US cruise line MSC cancelled a sailing of MSC Splendida from Shanghai, where it will remain until February 1.
Genting's Dream Cruise Line has halted a turnaround cruise from Hong Kong to Guangzhou over health concerns.
Costa Cruises has massively altered its sailings from Shenzhen following the quarantine of passengers on Costa Venezia.
The cruise line has cancelled nine sailings of its fleet from Shenzen: two sailings of its Costa Serena on 25 and 31 January; Costa Atlantica on 27 and 31 January; 26 Jan and 2 Feb on Costa Venezia; and 2 Feb for Costa neoRomantica.
Continuing with caution
Some cruise lines have decided not to alter their itineraries, albeit with heightened screening measures.
Silversea says it will continue its sailings in the South China Sea unchanged, though it will be submitting crew and passengers to "enhanced health screenings before boarding."
Silversea Spirit will arrive in Hong Kong on Feb 15, as planned.
All cruises are denying boarding to residents of Wuhan or those who have travelled to Hubei in the last 30 days.
Regent Seven Seas says the Voyager will continue a Hong Kong port of call unchanged although a statement insisted the "safety, security and well-being of our guests and crew is our number one priority."

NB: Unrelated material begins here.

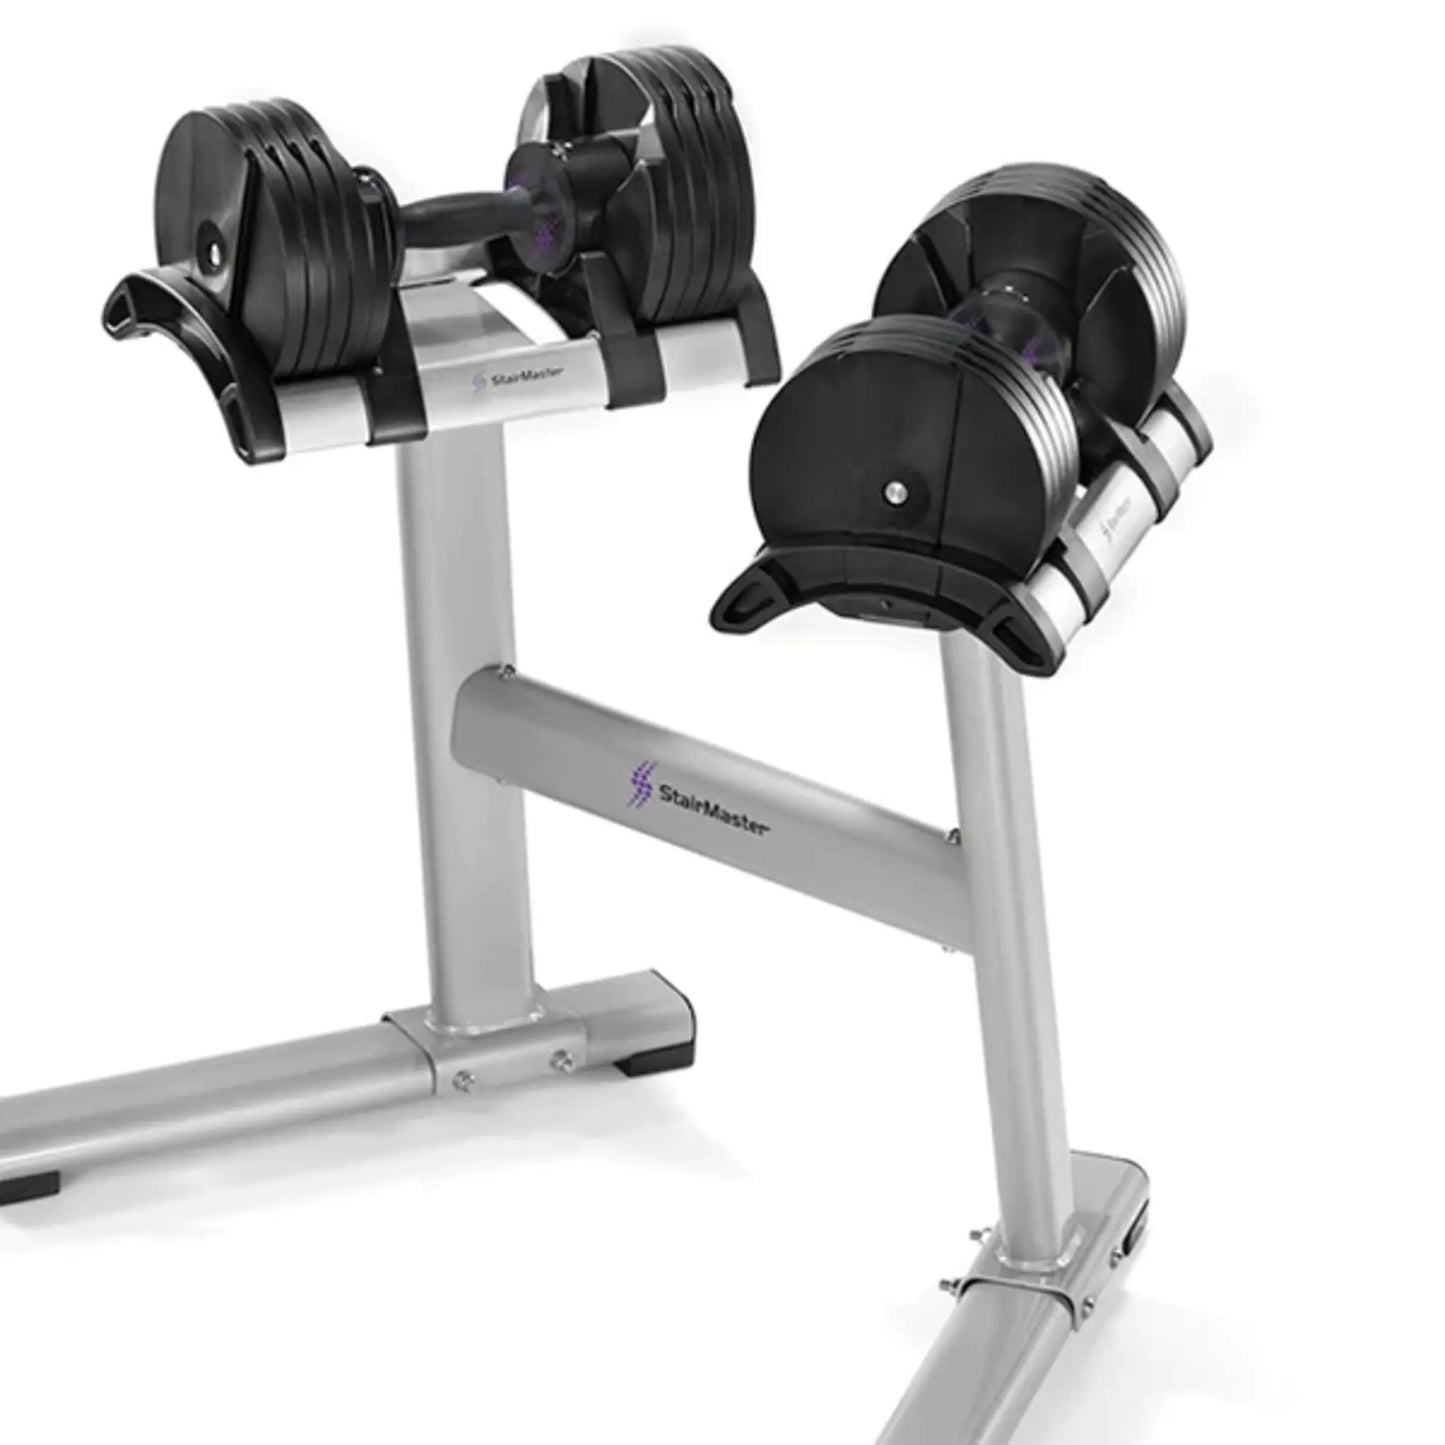 Stairmaster adjustable dumbbells with stand
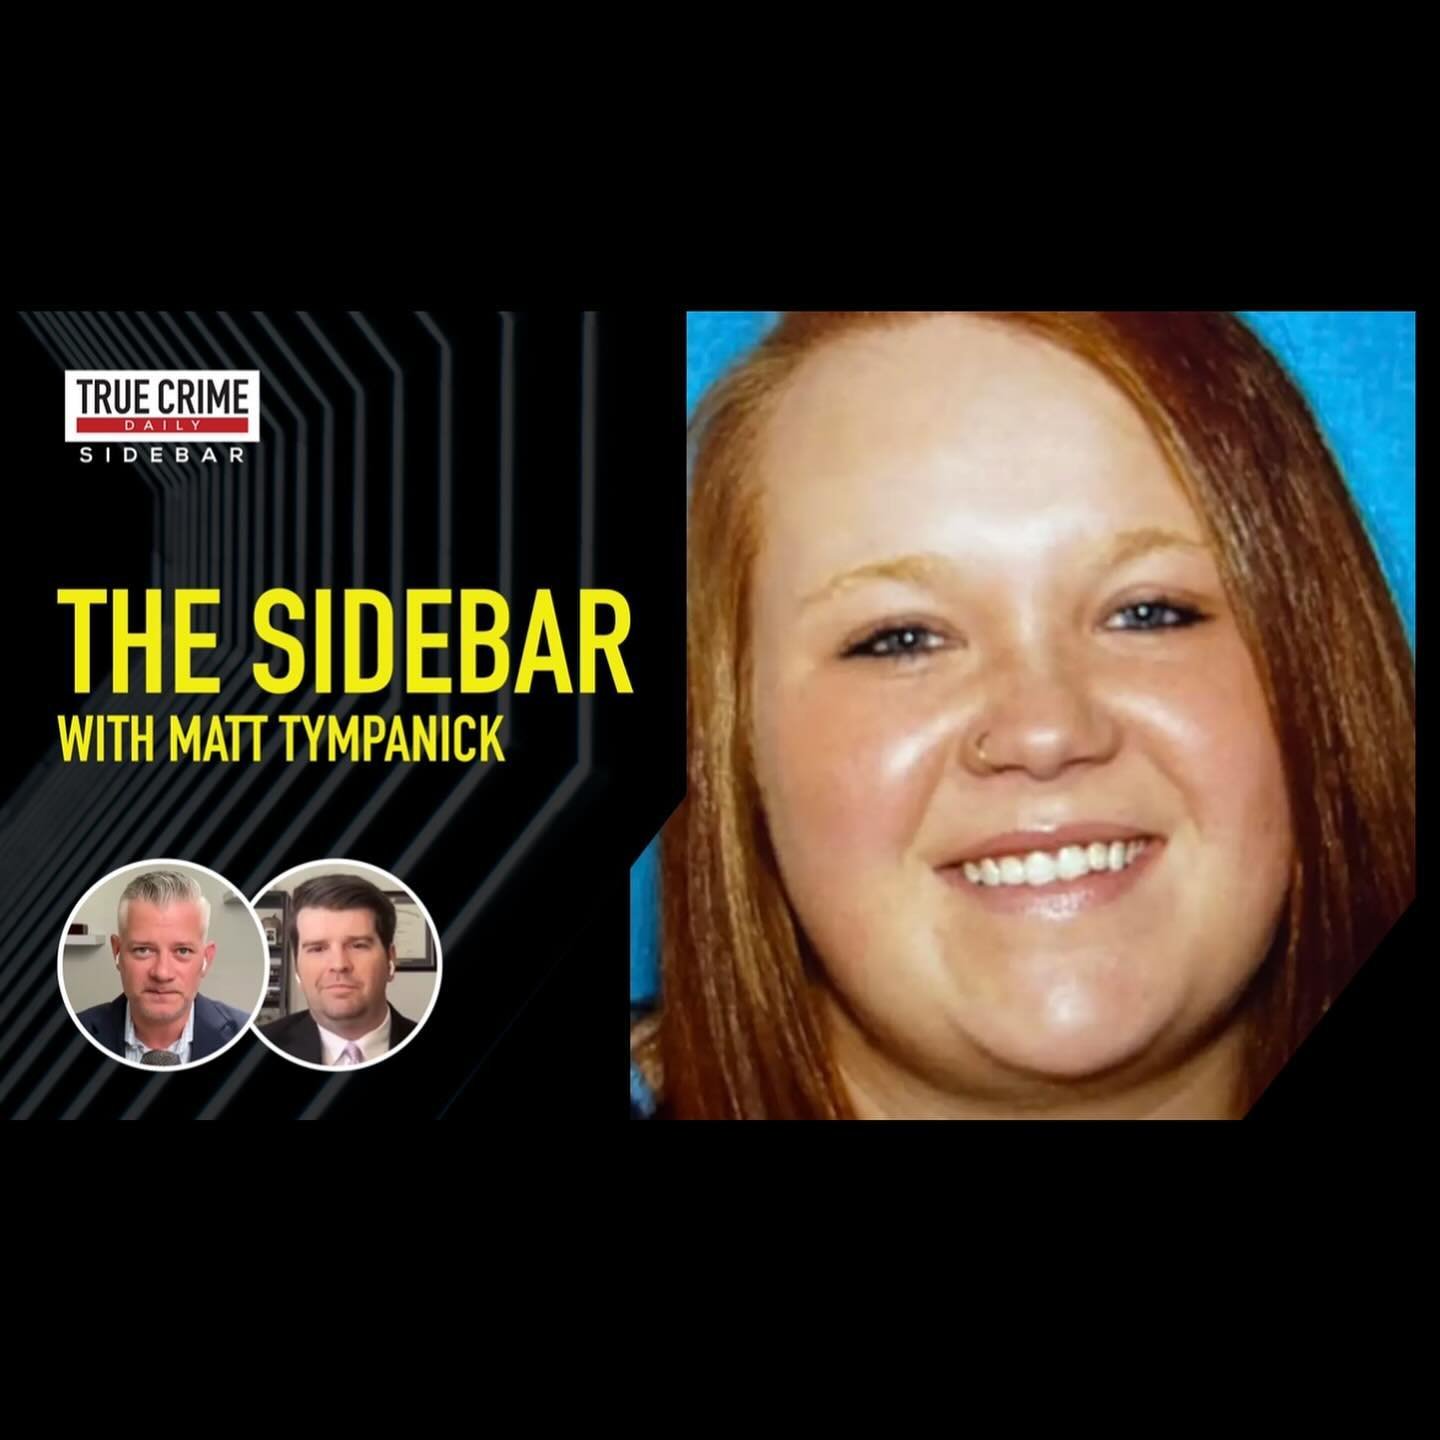 Check out this week&rsquo;s episode of @crimewatchdaily #Sidebar with guest Matt Tympanick of @tympanicklaw! Together we discuss the killing of two mothers allegedly perpetrated by members of an anti-government group, sentencing for the armorer of th

Cruise lines Regent and Norwegian cruise vessels have introduced body temperature screening stations for passengers and crew. Those people found with temperatures higher than 38 degrees Celsius will not be allowed to board.
Carnival Corp has said its brands – including Costa, Cunard, Holland America and Seabourn - will be making decisions independently though it said their "medical experts are in touch with the US Centers for Disease Control and the World Health Organizations about any recommended screenings, monitoring and protocols for our ships, which may include temperature and questionnaire screening for cruises in certain geographies, questionnaires for residents and travellers visiting certain areas, and illness screening for cases presenting to our medical centres with fever and respiratory illness while onboard."
Celebrity cruises said it would continue to monitor the situation as did the Uniworld Cruise line, which does not begin operating in China until a sailing of Uniworld Tauck in April.
Cunard's Queen Mary 2 and Queen Elizabeth are monitoring ahead of calls in China.